Celebrating the cultural significance and clarity of vision evident in Northern European art of the fifteenth through the eighteenth century
This book features Dutch, Flemish, Early Netherlandish, and German paintings and works on paper from the fifteenth through the eighteenth century, including preeminent names such as Peter Paul Rubens and Rembrandt van Rijn, as well as lesser-known artists such as Sebastian Stoskopff and Johannes Verspronck. Illuminating one of the finest collections of Northern European art in the United States, the book traces the histories of ninety-five extraordinary paintings and drawings, shedding new light on the artistic significance and material properties of these objects.
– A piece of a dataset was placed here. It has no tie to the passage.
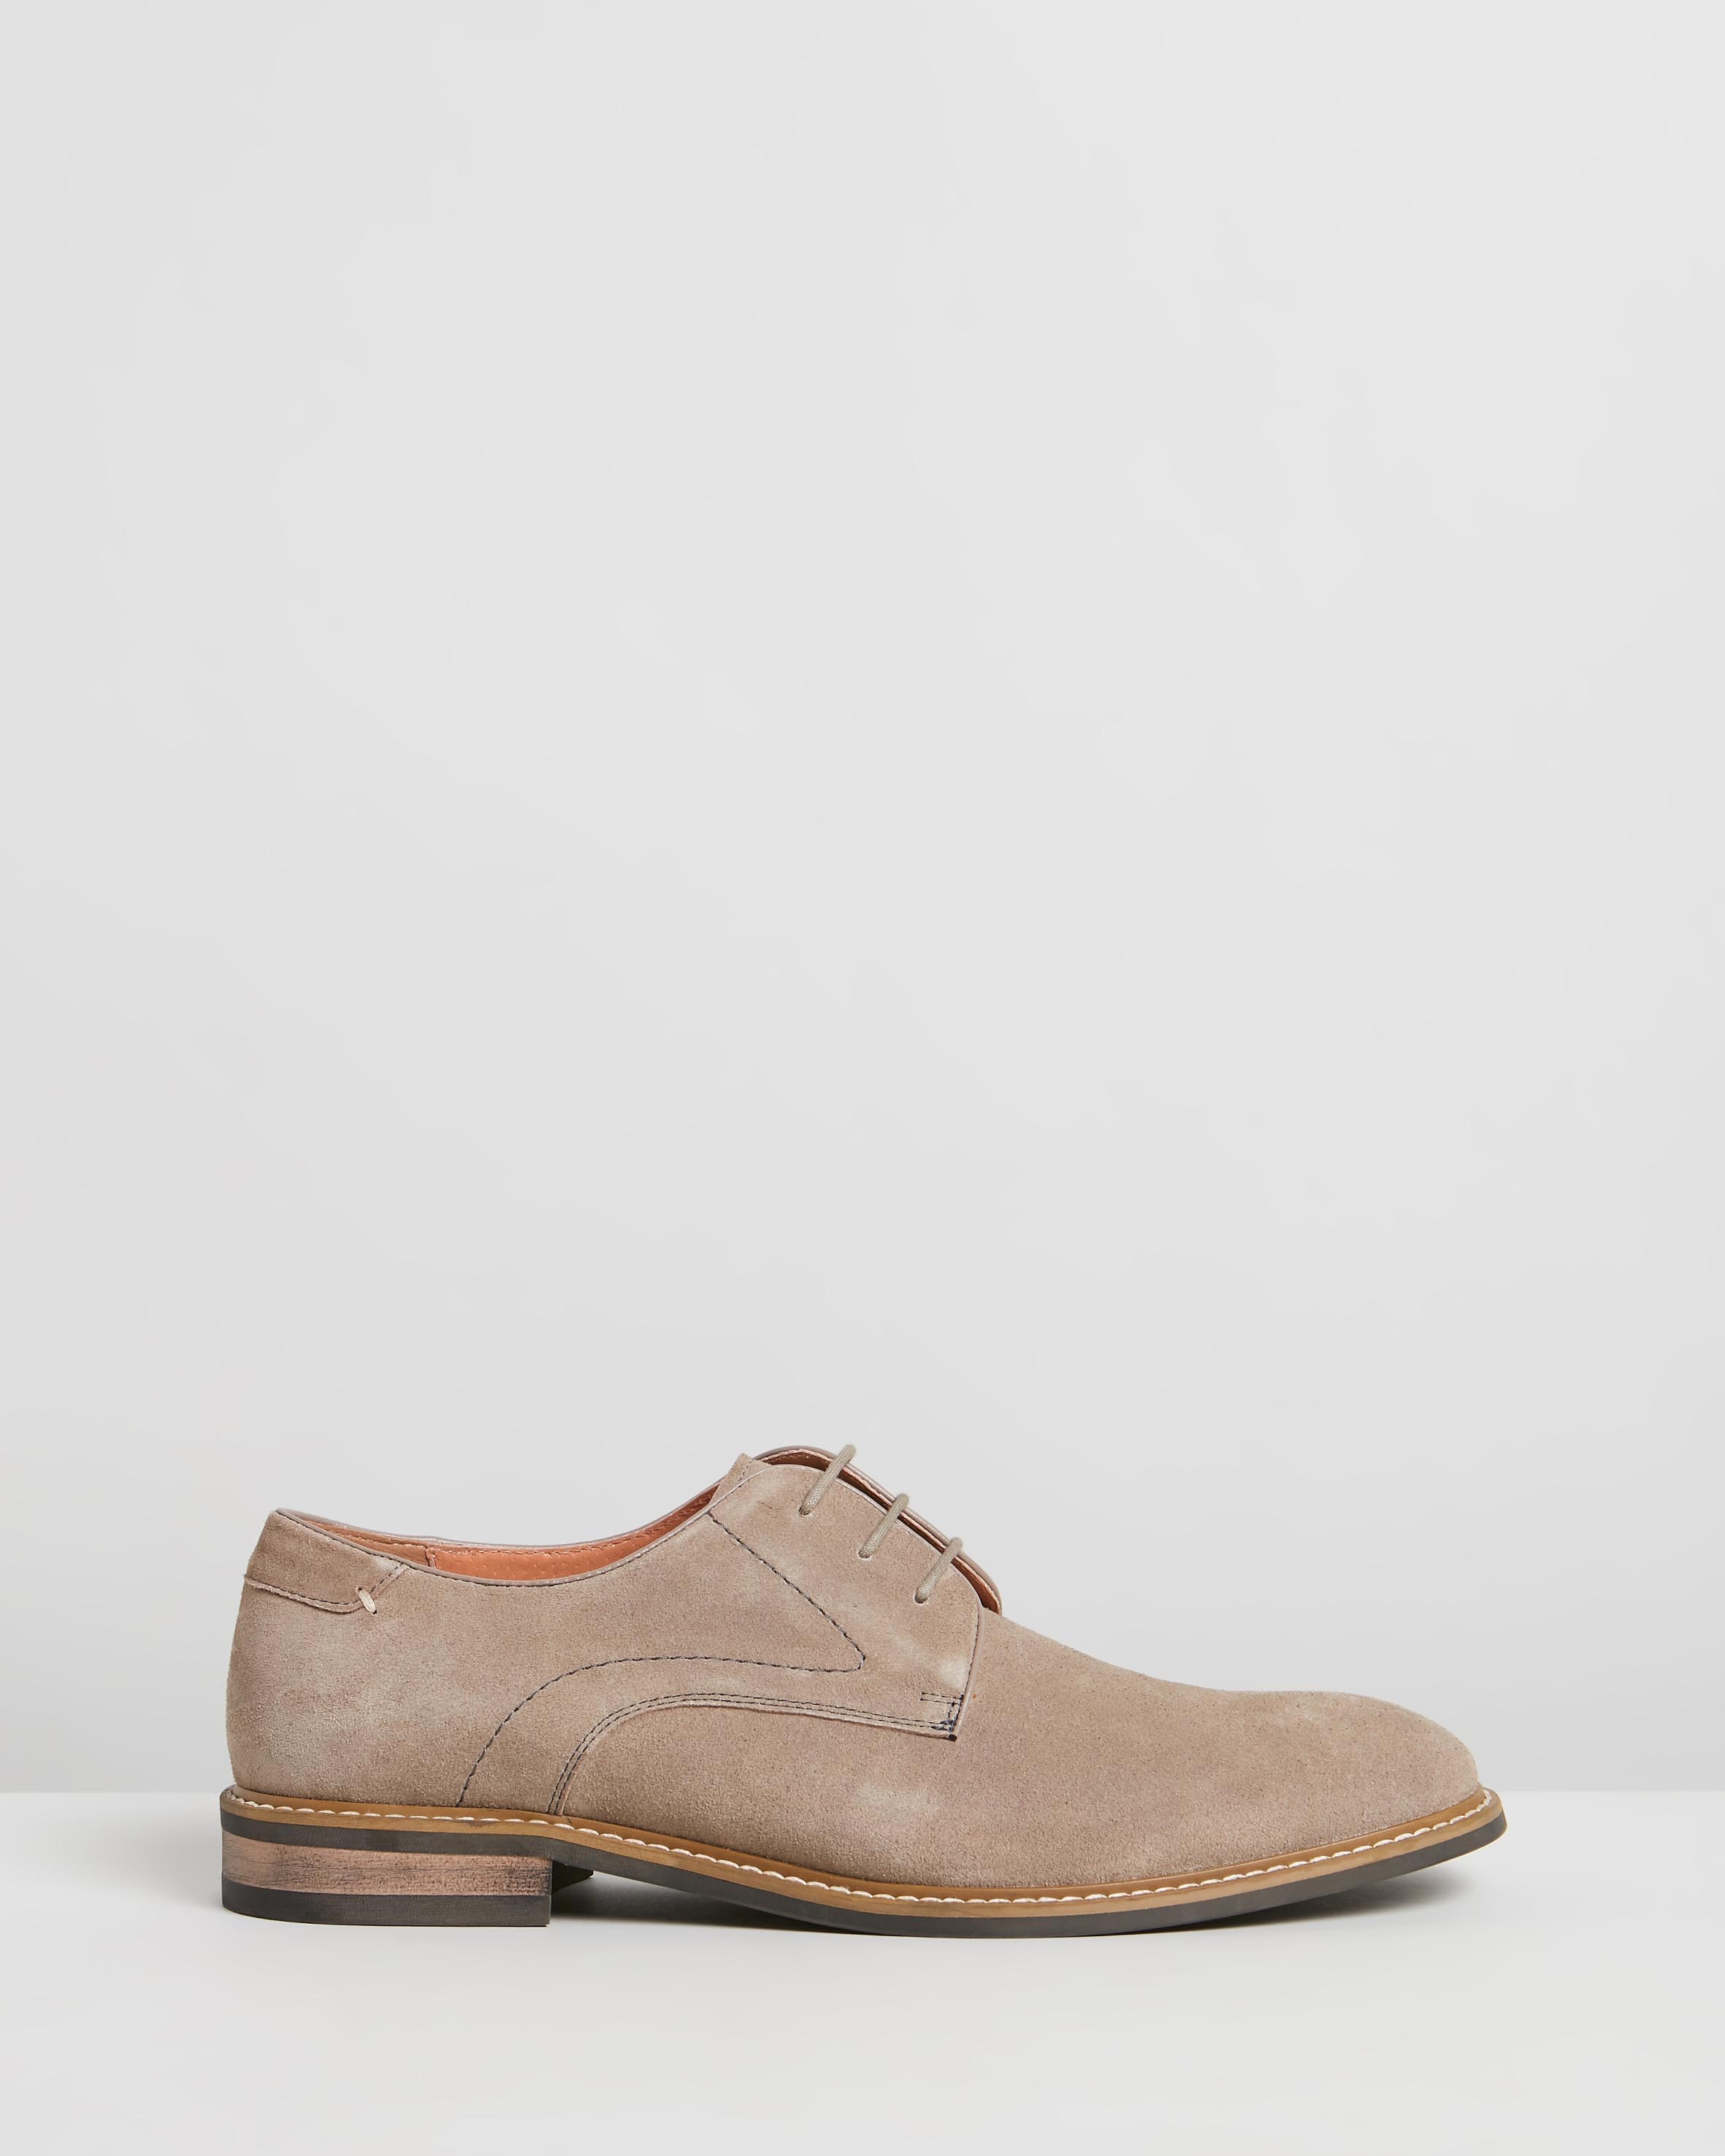 Silva Suede Derby Taupe by Double Oak Mills | ShoeSales
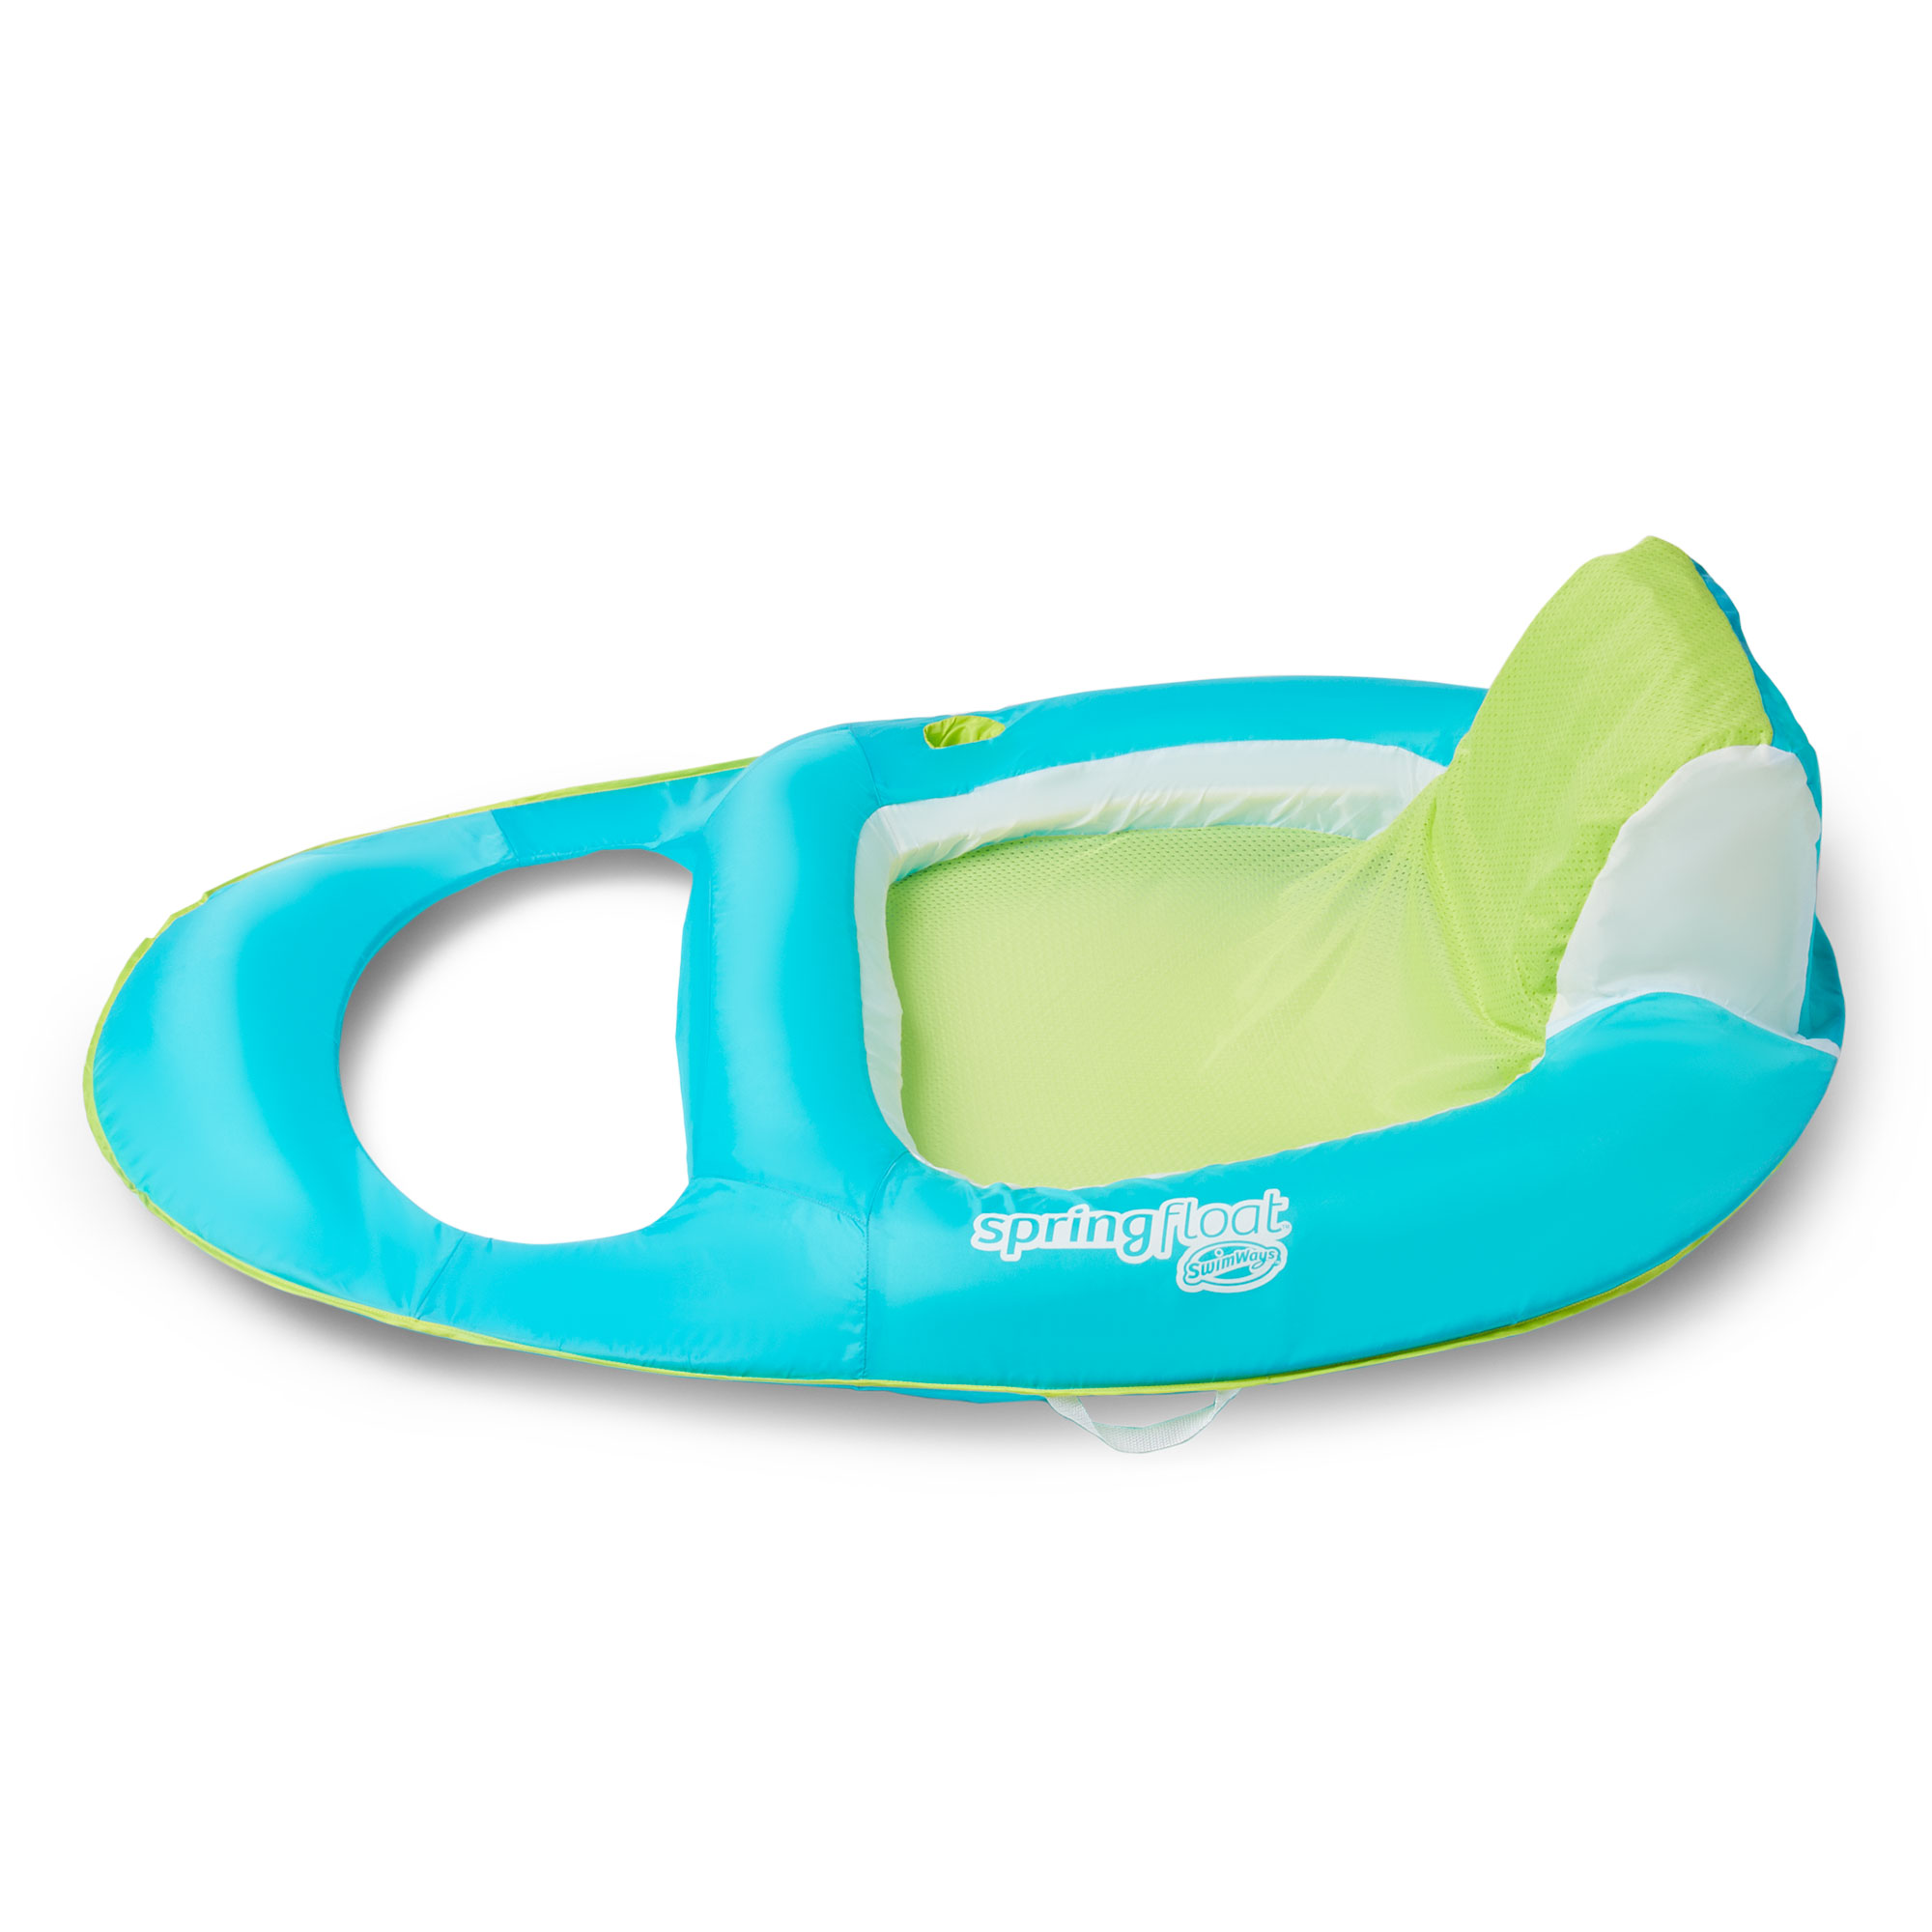 SwimWays Spring Float Swimming Pool Lounger Chaise Inflatable Floating Chair w/Cup Holder, Aqua & Lime - image 3 of 9

Works of art that emphasize the humanity of their subjects—and the capacity of oil paint to render these qualities almost achingly real—is a throughline that unites the paintings featured here, from the tender gaze of Rembrandt’s Portrait of a Boy (1655–60) to the freshly cut flowers and curious insects in Rachel Ruysch’s Nosegay on a Marble Plinth (ca. 1695), to the recently conserved masterpieces Adam and Eve (ca. 1530) by Lucas Cranach.
Distributed for the Norton Simon Museum
Amy Walsh is a scholar of Dutch and Flemish paintings, a specialist in provenance research, and a former curator of European paintings at the Los Angeles County Museum of Art.